I wish you well in your endeavors as a professional and blog writer. Be prepared for criticism, dissent, and sometimes frank trolling that is beyond harsh and inappropriate. But, you moderate, and do it wisely and responsibly. You are completely correct, we can move on and not read your opinions. But, maybe sometimes others will be empowered and impressed, while some will just shrug and say, whatever.

Been writing for over 5 years, and frankly, those who hate me seem to want to note it over and over if given the chance. Hence the beauty of moderation…

Again, thank you for the respect to print my earlier comment at least.

Sincerely,

Joel Hassman, MD

 

but then last night there were an alleged two more comments that would not appear, but then I get this personal email from John Grohol this afternoon who, well, I will print it and risk his wrath as a betrayal of alleged confidentiality?:

Hi Joel,

Thanks for your comments on the “Giving birth to your best friend” article on Psych Central’s World of Psychology blog.
As you know, we abide by and ask that our commenters abide by a set of blog moderation guidelines for discussions. That means you should refer not to an author or their experience or credentials, but to the topic at hand. It’s not enough to just say, “Well based upon my 25 years of experience, I disagree.” You’re entitled to your opinion, but not to publish said opinion if it attempts to tarnish another person by calling them “unprofessional,” appealing to authority as an argument, or by suggesting that they are making it their own “negative experience.” 
We do not share email addresses with other commenters, nor does a blog author have access to a person’s email address who comments on their blog.
We’re a wide-ranging platform that is tolerant of all views, no matter how much we may disagree with them. We hope you understand the line between ad hominem attacks against a contributor, and thoughtful discussion about a given topic. Usually you are pretty good with this, but this time around, I’m sorry to say we had to remove these comments as violating our blog moderation guidelines.
Please let me know if I can be of any further assistance, and I thank you in advance for your cooperation in this matter.
Best,
John

And then, I go to the site to see what he did about her comment or if he added an addendum to the discussion, but, lo and behold my second comment was GONE.  Well, until I have started this post, and it is now magically back, along with others since added.

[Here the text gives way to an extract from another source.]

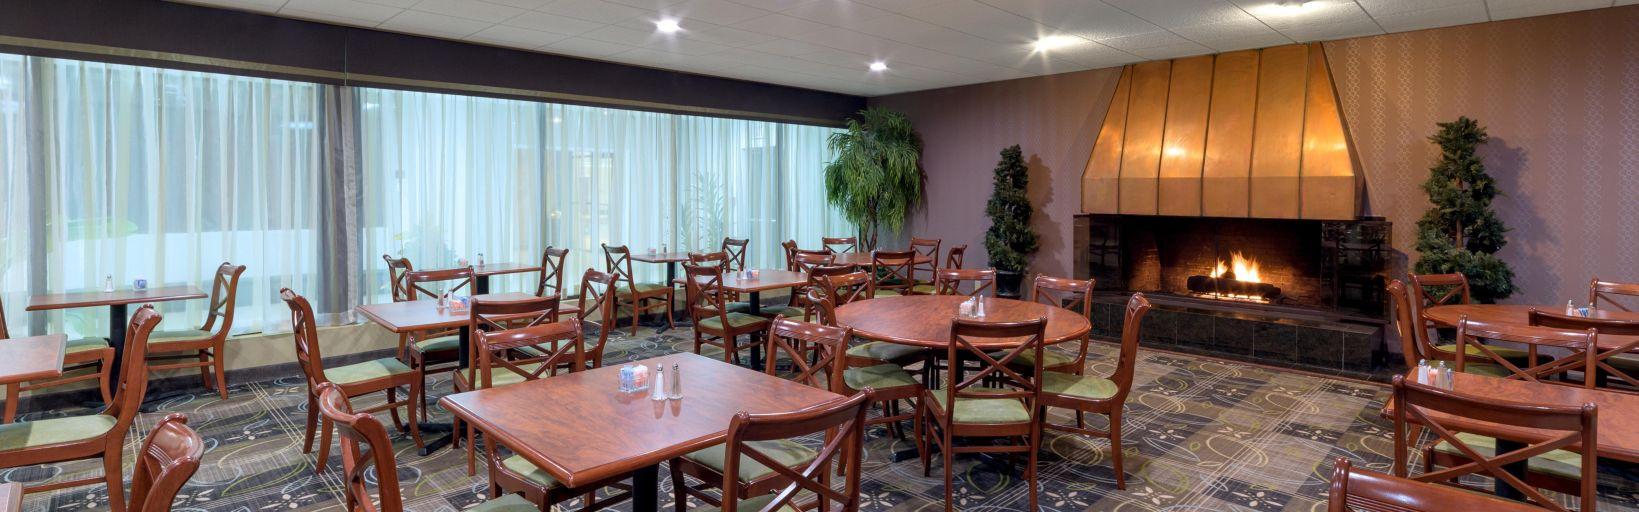 Restaurant Catering Dining Meeting Room Holiday Inn

Here’s a link to the thread for all to read and digest:

https://psychcentral.com/blog/discuss/117670

Even after seeing the comment has been restored, my faith of Psychcentral.com/blog has been tarnished, and I am still going on record as saying my travels there are done.  I will say to readers who might read there, read and comment at your own peril, but, realize there are snowflakes to be nurtured there, and while Dr Grohol might take some umbrage to the way I frame this here, well, sorry, that is the message I take as of now.

 

Anyway, moving on to bigger and more obnoxious matters, on Saturday I get this letter from the State of Maryland that I have to take time and my money to be fingerprinted to prove to the State I am not a danger to patients and colleagues.  Having read up on the matter this afternoon at lunch, I do get a bit of the reasoning behind it, but, to pay for it, nah, forget the State of Maryland, I pay $520 every two years for keeping my license to practice, and the State runs this fingerprinting process, so they can eat $40-50 bucks for doctors to show they are legit, until proven otherwise.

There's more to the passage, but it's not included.